Over the past ten years at Google, we've found that having a container cluster manager addresses these requirements and provides a number of benefits:

  • Microservices in order to keep moving parts manageable. Having a cluster manager enables us to break down an application into smaller parts that are separately manageable and scalable. This lets us scale up our organization by having clear interfaces between smaller teams of engineers.
  • Self healing systems in the face of failures. The cluster manager automatically restarts work from failed machines on healthy machines.
  • Low friction horizontal scaling. A container cluster provides tools for horizontal scaling, such that adding more capacity can be as easy as changing a setting (replication count).
  • High utilization and efficiency rates. Google was able to dramatically increase resource utilization and efficiency after moving to containers.
  • Specialized roles for cluster and application operations teams. Developers are able to focus much more on the service they are building rather than on the underlying infrastructure that supports it. For example, the GMail operations and development teams rarely have to talk directly to the cluster operations team. Having a separation of concerns here allows (but doesn't force) operation teams to be more widely leveraged.

Now, we understand that some of what we do is unique, so lets explore the ingredients of a great container cluster manager and what you should focus on to realize the benefits of running containers in clusters.
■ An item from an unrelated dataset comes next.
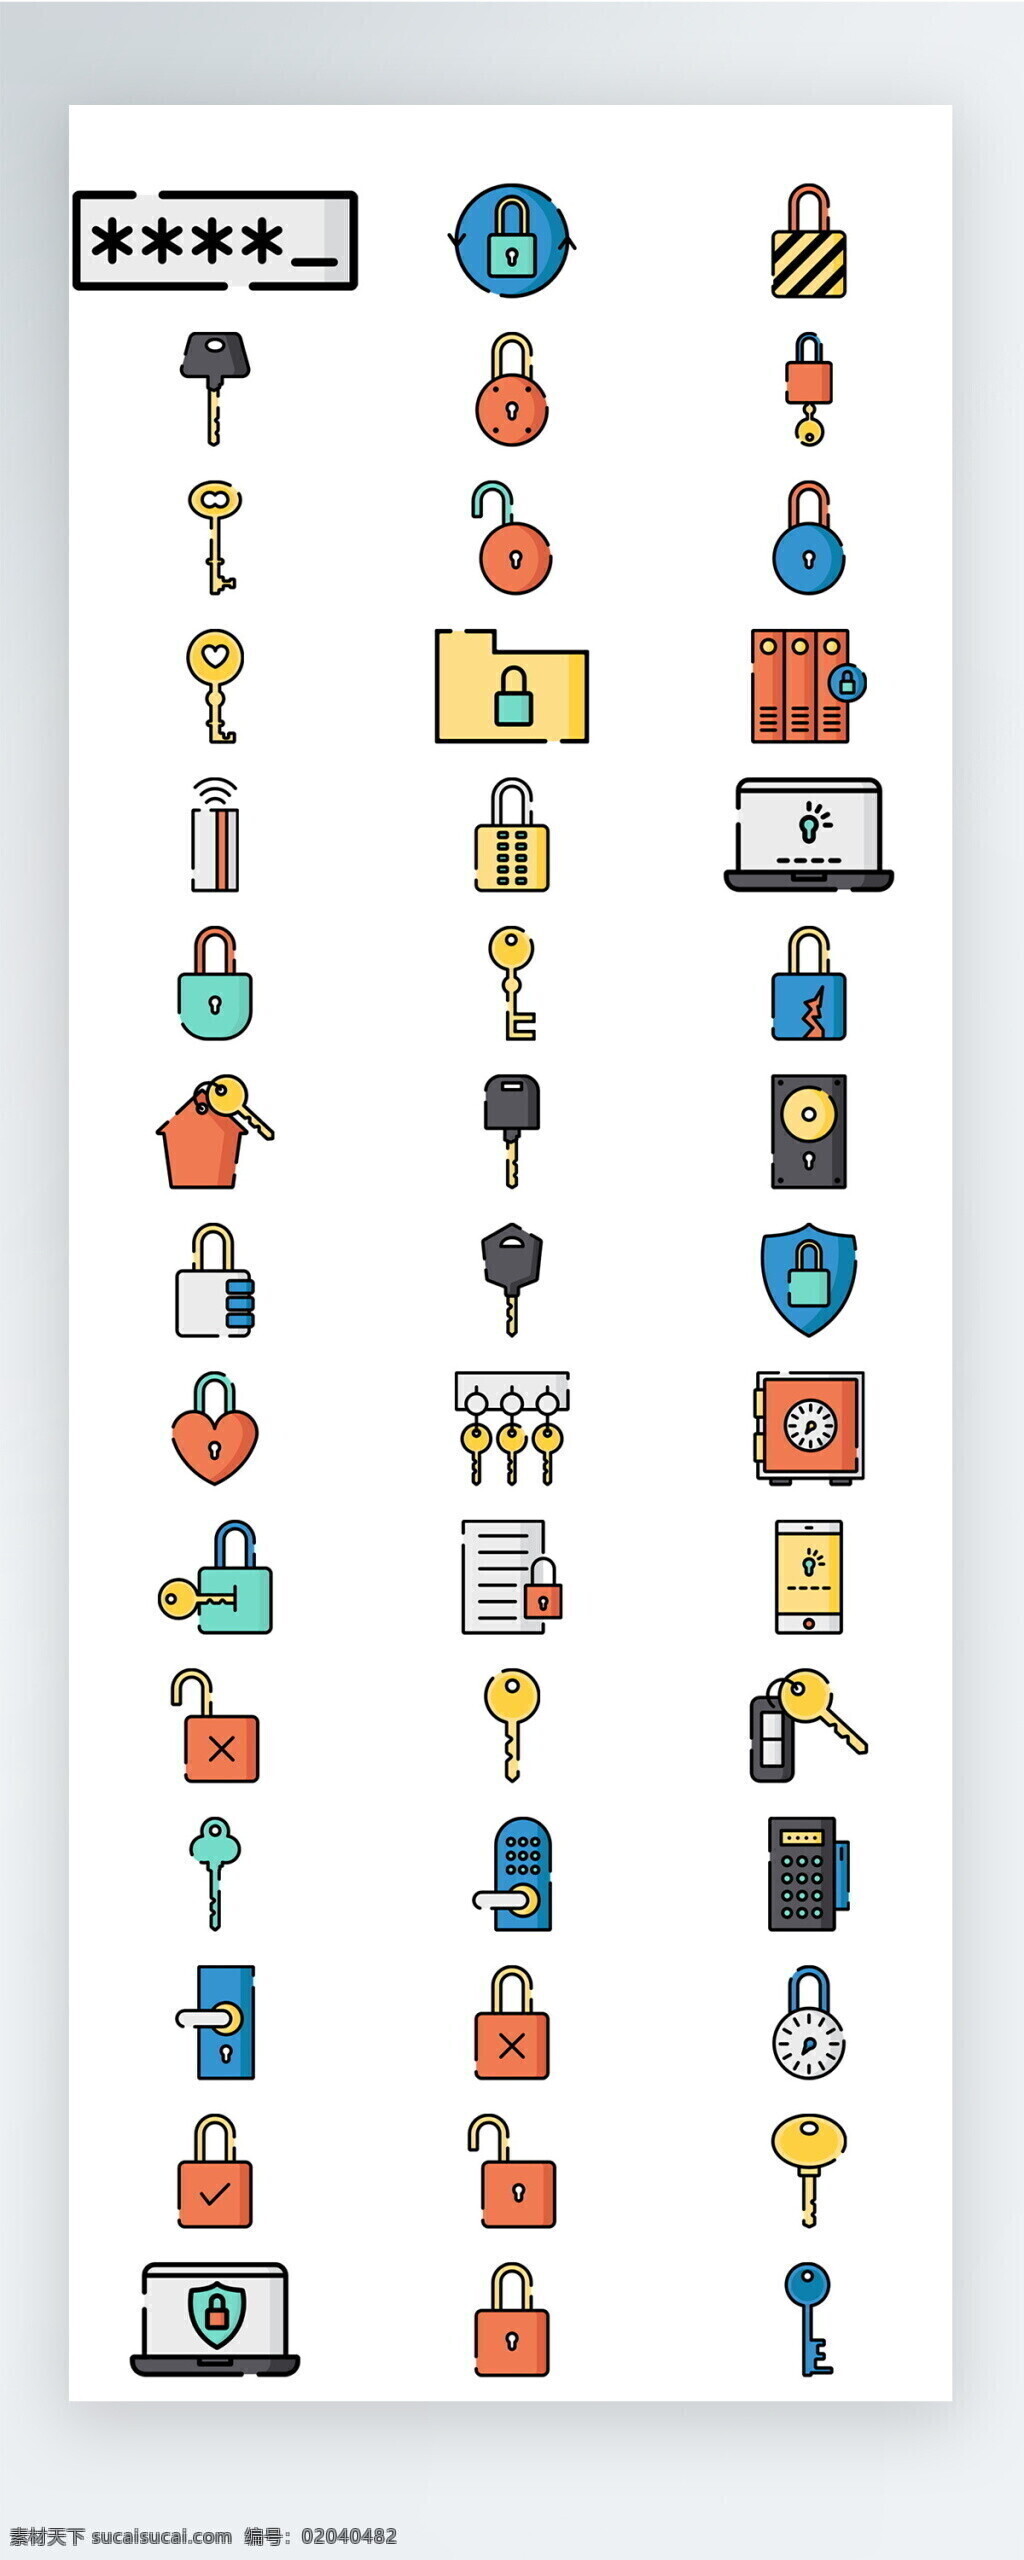 彩色 锁具 图标 矢量 icon icon图标 ui 手机 拟物 社交 人物 购物 工具 安保 施工 建筑 生活 家具

Ingredient 1: Dynamic container placement

To build a successful cluster, you need a little bit of that jazz improv. You should be able to package up your workload in a container image and declaratively specify your intents around how and where it is going to run. The cluster management system should decide where to actually run your workload. We call this "cluster scheduling."

This doesn't mean that things are placed arbitrarily. On the contrary, there are a whole set of constraints that come in to play to make cluster scheduling a very interesting and hard problem1 from a computer science point of view. When scheduling, the scheduler makes sure to place your workload on a VM or physical machine with enough spare capacity (e.g. CPU, RAM, I/O, storage). But, in order to meet a reliability objective, the scheduler might also need to spread a set of jobs across machines or racks in order to reduce risk from correlated failures. Or perhaps some machines have special hardware (e.g. GPUs, local SSD, etc.). The scheduler should also react to changing conditions and reschedule work to deal with failures, growing/shrinking the cluster or increased efficiency. To enable this, we encourage users to avoid pinning a container to a specific machine. Sometimes you have to fall back on "I want that container on that machine" but that should be a rare exception.

The next question is: what are we scheduling? The easy answer here is individual containers. But often times, you want to have a set of containers running as a team on the same host. Examples include a data loader with a data server or a log compressor/saver process paired with a server. These containers usually need to be located together, and you want to ensure that they do not become separated during the dynamic placement. To enable this, we introduced in Kubernetes a concept known as a pod. A pod is a set of containers that are placed and scheduled together as a unit on a worker computer (also known as a Kubernetes node). By working to place a group of pods, Kubernetes can pack lots of work onto a node in a reliable way.

Ingredient 2: Thinking in sets

When working on a single physical node, tools generally don't operate on containers in bulk. But when moving to a container cluster you want to easily scale out across nodes. To do this, you need to work in terms of sets of things instead of singletons. And you want to keep those sets similarly configured. In Kubernetes, we manage sets of pods using two additional concepts: labels and replication controllers.

Every pod in Kubernetes has a set of key/value pairs associated with it that we call labels. You can select a set of pods by constructing a query based on these labels. Kubernetes has no opinion on the "correct" way to organize pods. It is up to you to organize your pods in a way that makes sense to you. You can organize by application tiers, geographic location, development environment etc. In fact, as labels are non-hierarchical, you organize your pods in multiple ways simultaneously.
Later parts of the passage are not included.